WHAT TO PRODUCE>
Drop the pictures and restate the rest of the listing word for word.

DATASET CONTENT>
-*-*-

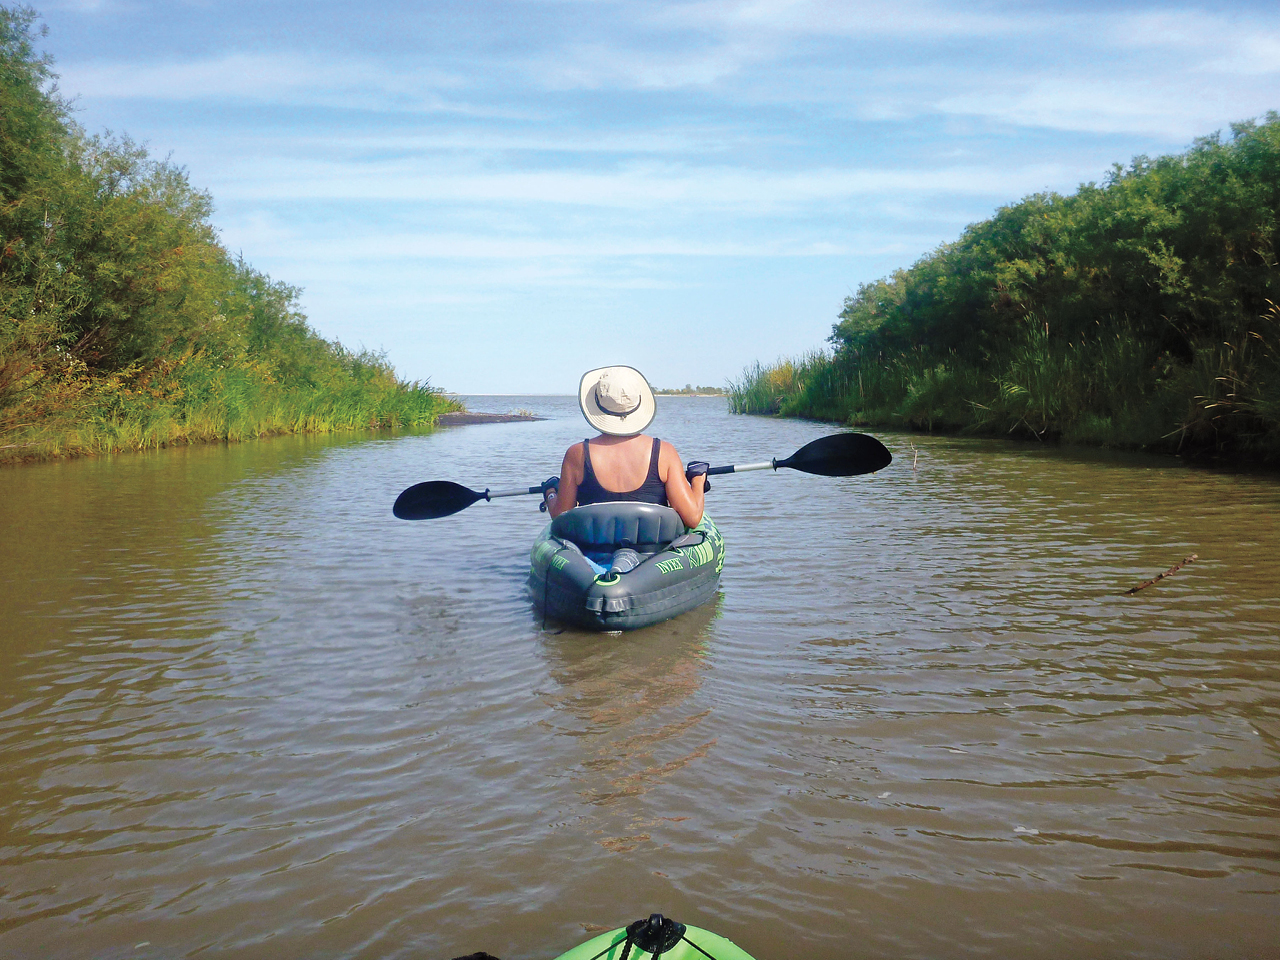 A photo of a woman paddling a river in an inflatable kayak
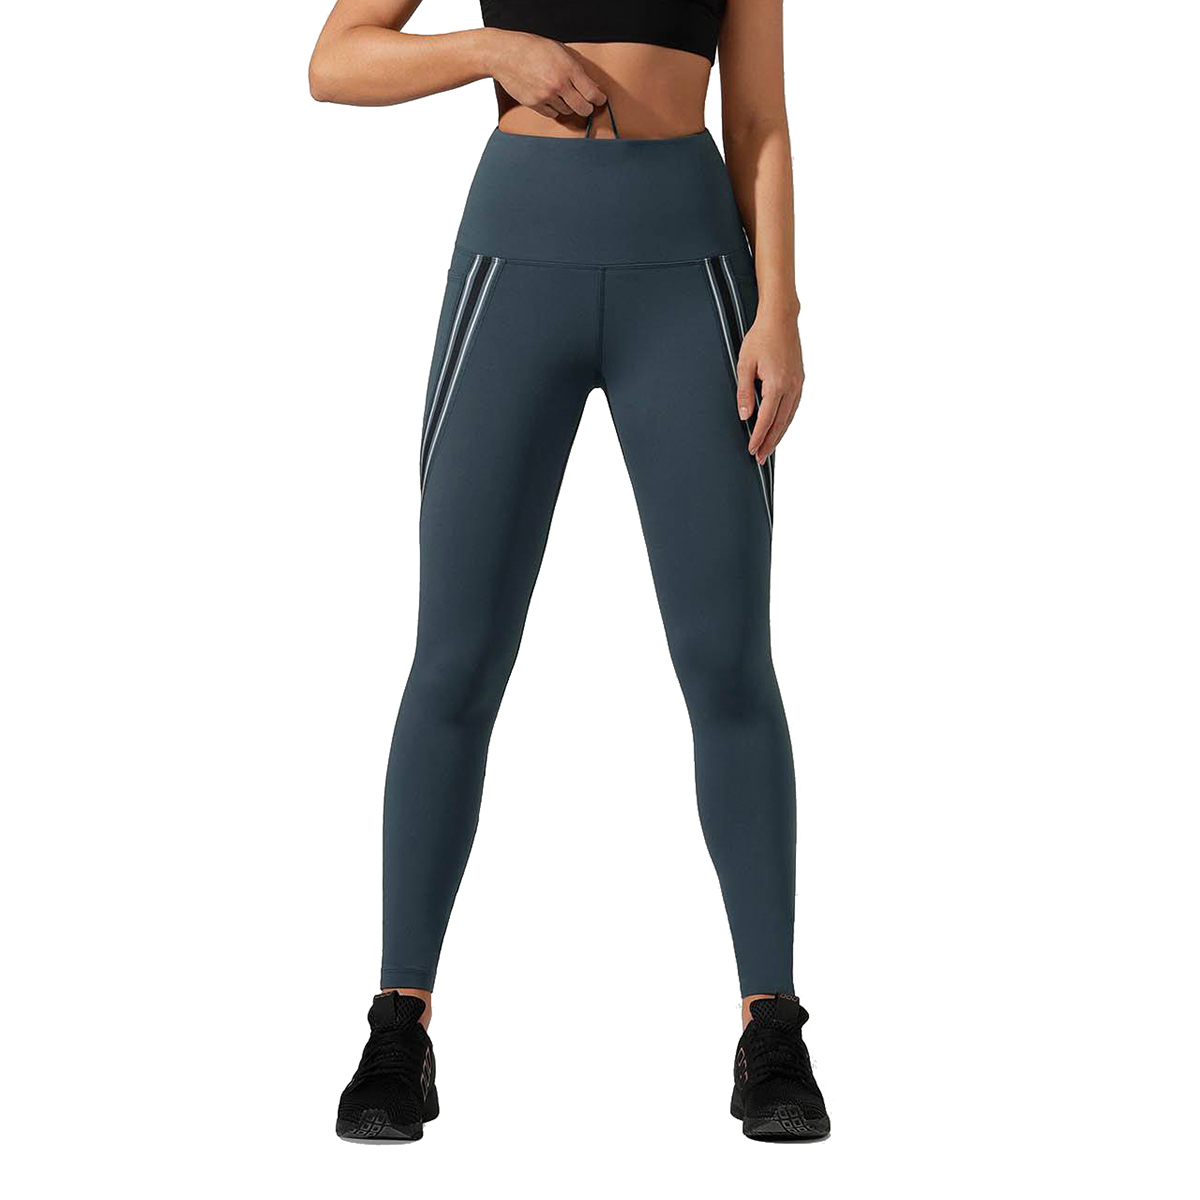 Lorna Jane Athletic Core Full Length Tight, , large image number null
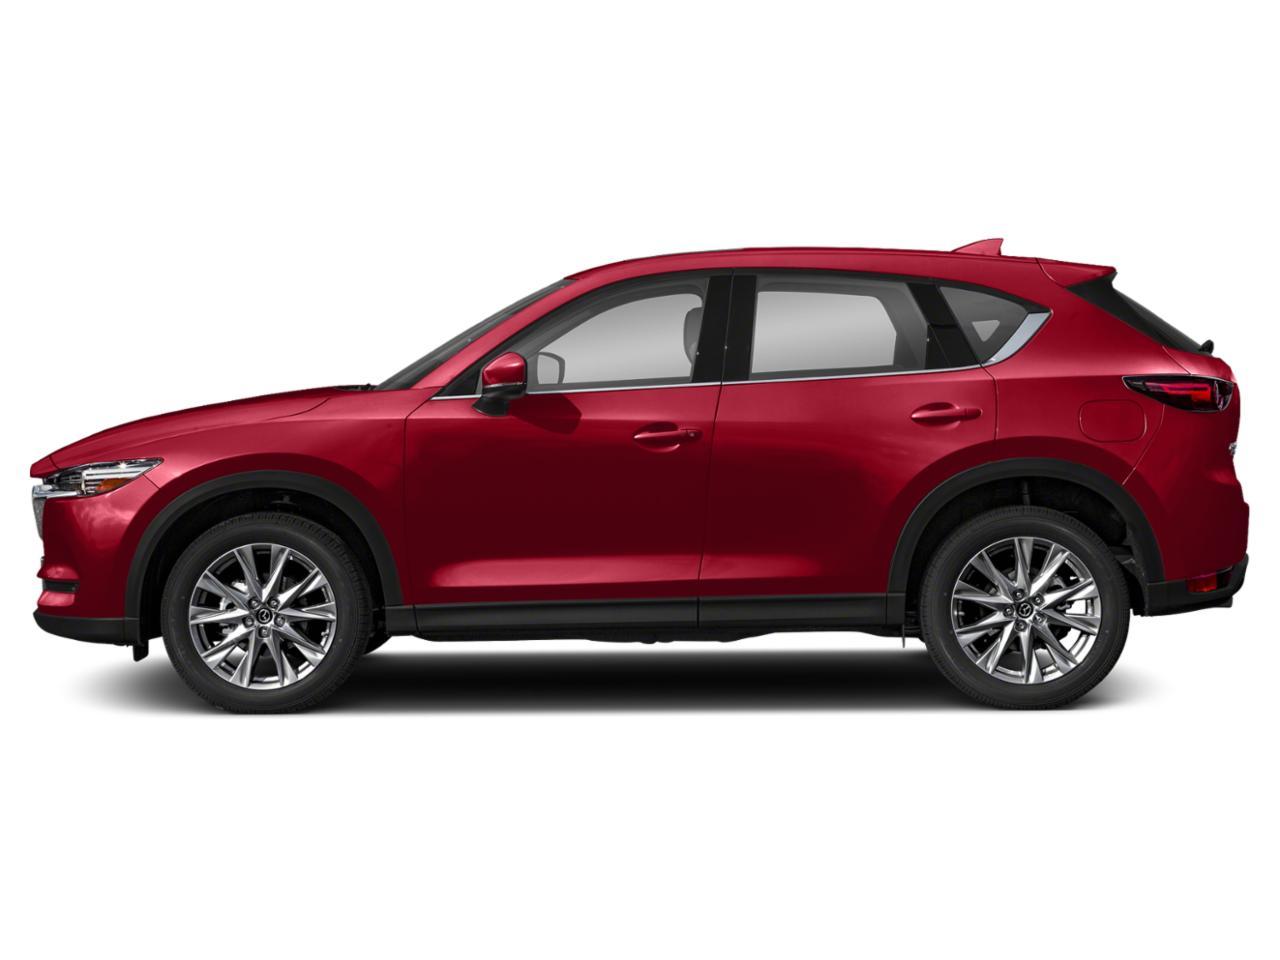 Soul Red Crystal Metallic 2020 Mazda CX-5 for Sale at Bergstrom ...
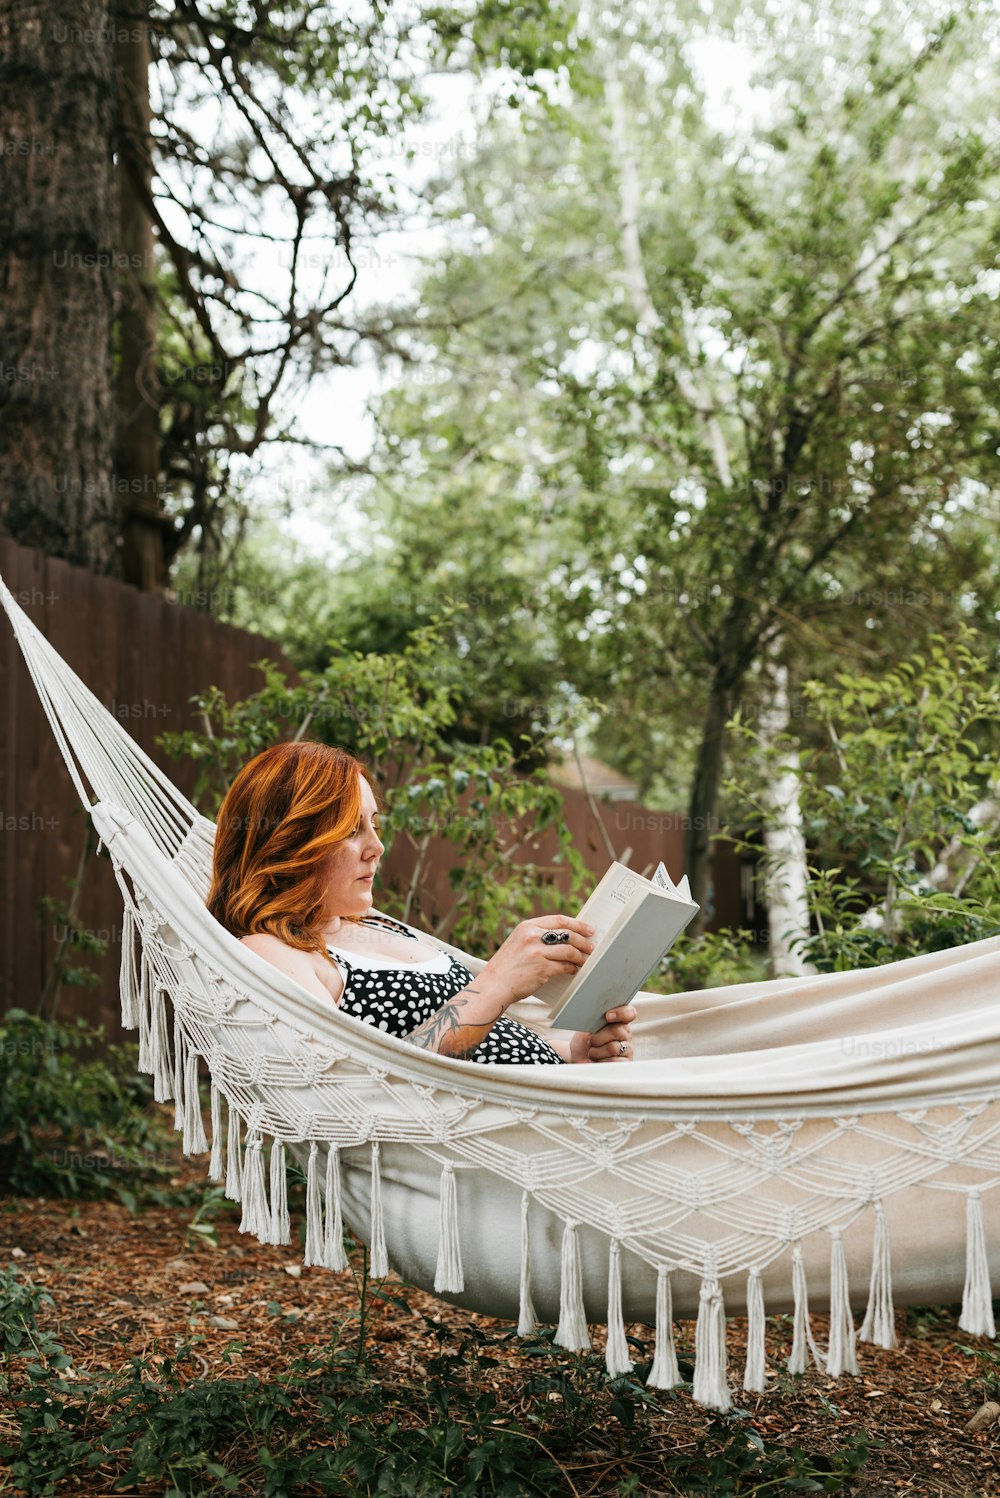 a woman sitting in a hammock reading a book

-*-*-

SOLUTION>
 A photo of a woman paddling a river in an inflatable kayak
 Lorna Jane Athletic Core Full Length Tight, , large image number null
 Soul Red Crystal Metallic 2020 Mazda CX-5 for Sale at Bergstrom ...
 a woman sitting in a hammock reading a book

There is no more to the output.